Le lendemain qui a suivi la séance à la piscine, je suis arrivée au lycée avec une boule au ventre. La nuit avait été courte. Je m'étais retournée dans mon lit pendant des heures, rejouant en boucle la scène du vestiaire, cherchant ce que j'aurais pu faire différemment. Partir plus vite. Répondre autrement. Ne pas trembler en ramassant mes tampons éparpillés sur le carrelage pendant qu'elles me regardaient. Je n'avais pas trouvé de réponse satisfaisante, et je m'étais endormie tard, avec ce sentiment désagréable d'être passée à côté de quelque chose d'important sans savoir quoi.

Dans les couloirs du lycée, chaque rire me semblait dirigé contre moi. Je savais que c'était probablement dans ma tête, que la plupart de mes camarades avaient d'autres préoccupations que mon cas. Mais la frontière entre la paranoïa et la vigilance raisonnable était devenue floue depuis quelque temps, et je ne savais plus très bien de quel côté je me trouvais.

Pauline n'était pas encore là. Je me suis réfugiée près du grand érable, à l'écart du flux des élèves qui arrivaient par vagues, et j'ai sorti mon téléphone pour me donner une contenance. C'est là que je les ai vues.

Julie, Clara et Anaïs, réunies près des bancs à l'autre bout de la cour. Elles formaient ce cercle fermé qu'elles adoptaient quand elels ne voulaient pas être entendues, têtes rapprochées, voix basses. Julie parlait, les deux autres écoutaient. Quelque chose dans leur posture m'a immédiatement alertée, une tension dans leurs épaules, des sourires qui n'avaient rien d'anodin. 

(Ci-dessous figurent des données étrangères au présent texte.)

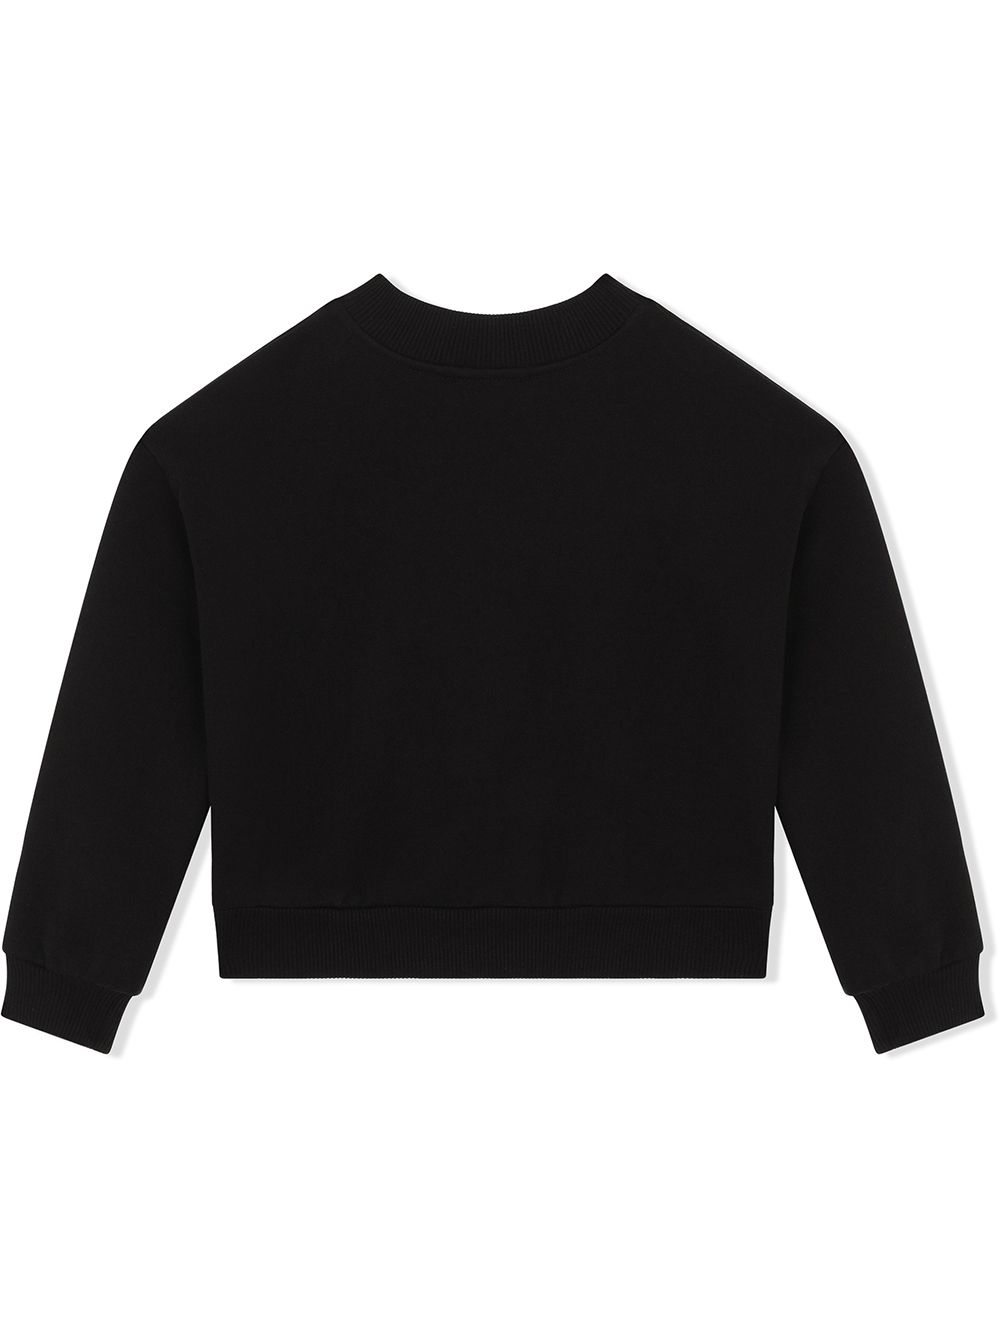 Sweatshirt Dolce & Gabbana kids DOLCE&GABBANA KIDS | -108764232 | L5JW4PG7BBUHN3EP

J'aurais du rester où j'étais.

Je me suis approchée lentement, longeant le mur, feignant de chercher quelque chose dans mon sac. Quelques mètres suffisaient pour entendre, si je tendais l'oreille.

- Sérieux, hier c'était trop, disait Julie, avec dans la voix cette satisfaction particulière qui me donnait la nausée.

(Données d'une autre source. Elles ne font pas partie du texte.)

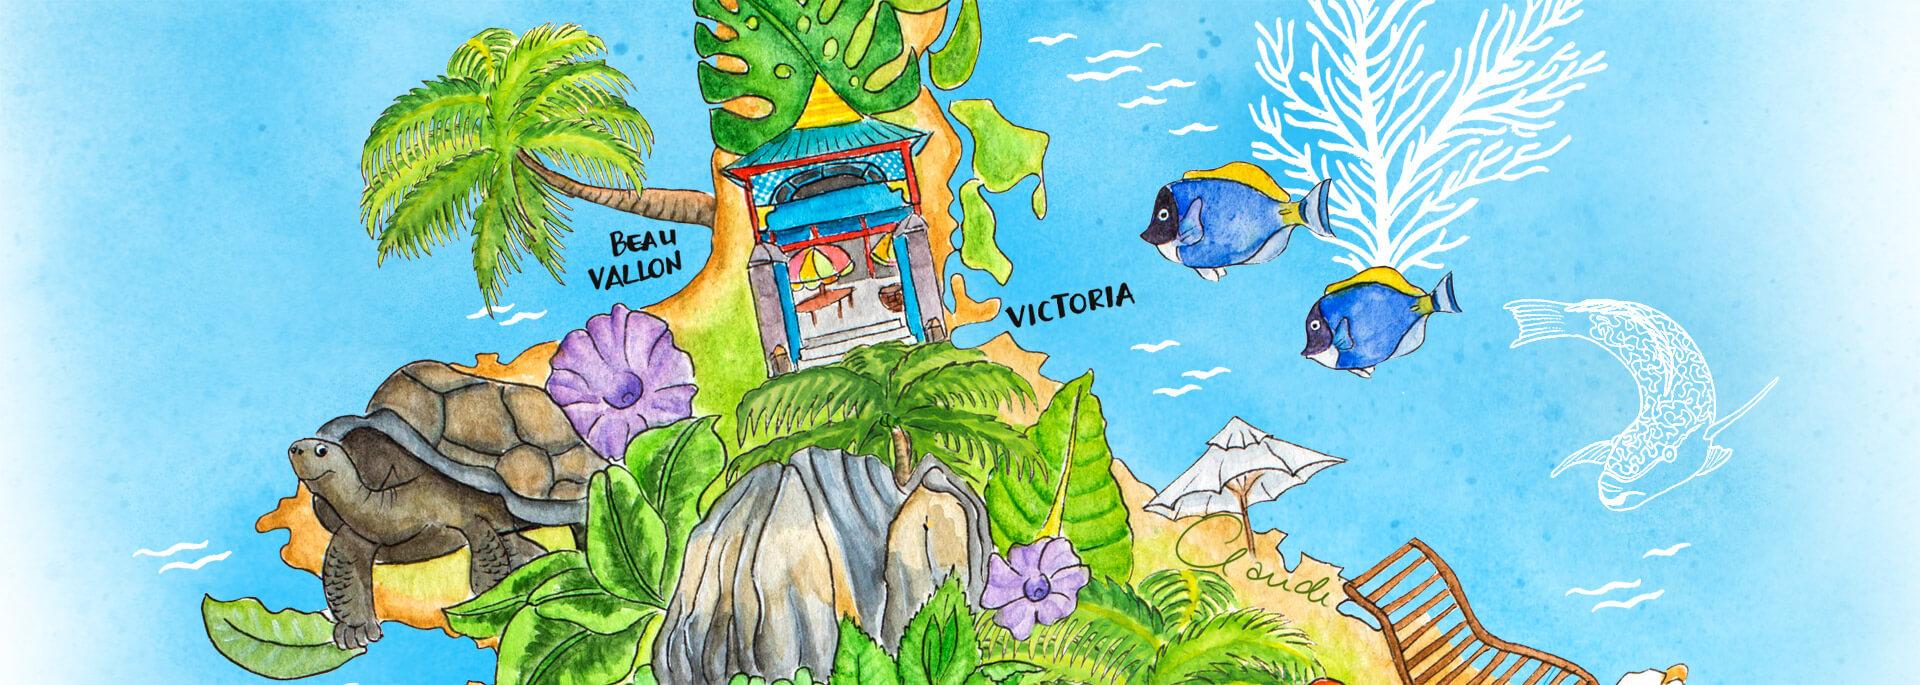 Kalender Illustrierte Inseln 2017 – Mai: Seychellen-Insel Mahé

Clara hocha la tête, puis son rire aigu perça le brouhaha ambiant.

- Elle est tellement prévisible. Tu fais ça, et elle part en vrille direct.

Elles ont brièvement imité mon éclat de rire, cette façon que j'avais de me plier en deux sans pouvoir m'en empêcher. C'était une imitation cruelle et précise, et mes joues se sont mises à brûler comme si j'avais reçu une gifle. 

Puis Julie a dit autre chose, et cette fois j'ai senti quelque chose se contracter dans ma poitrine.

- J'ai une idée pour la prochaine fois. On pourrait l'attacher. Juste pour voir combien de temps elle tient.

Un silence, puis les rires de Clara et d'Anaïs ont fusé, trop forts, trop vite.

- Attacher Lilou ? fit Anaïs, partagée entre le choc et l'amusement.

- Ouais, répondit Julie en haussant les épaules, avec ce ton faussement innocent qui signifiait exactement le contraire. Genre, juste les mains. Ou les pieds. Et on voit ce que ça donne.

Tu paris qu'elle ne tiendrait même pas dix secondes ? ajouta Clara.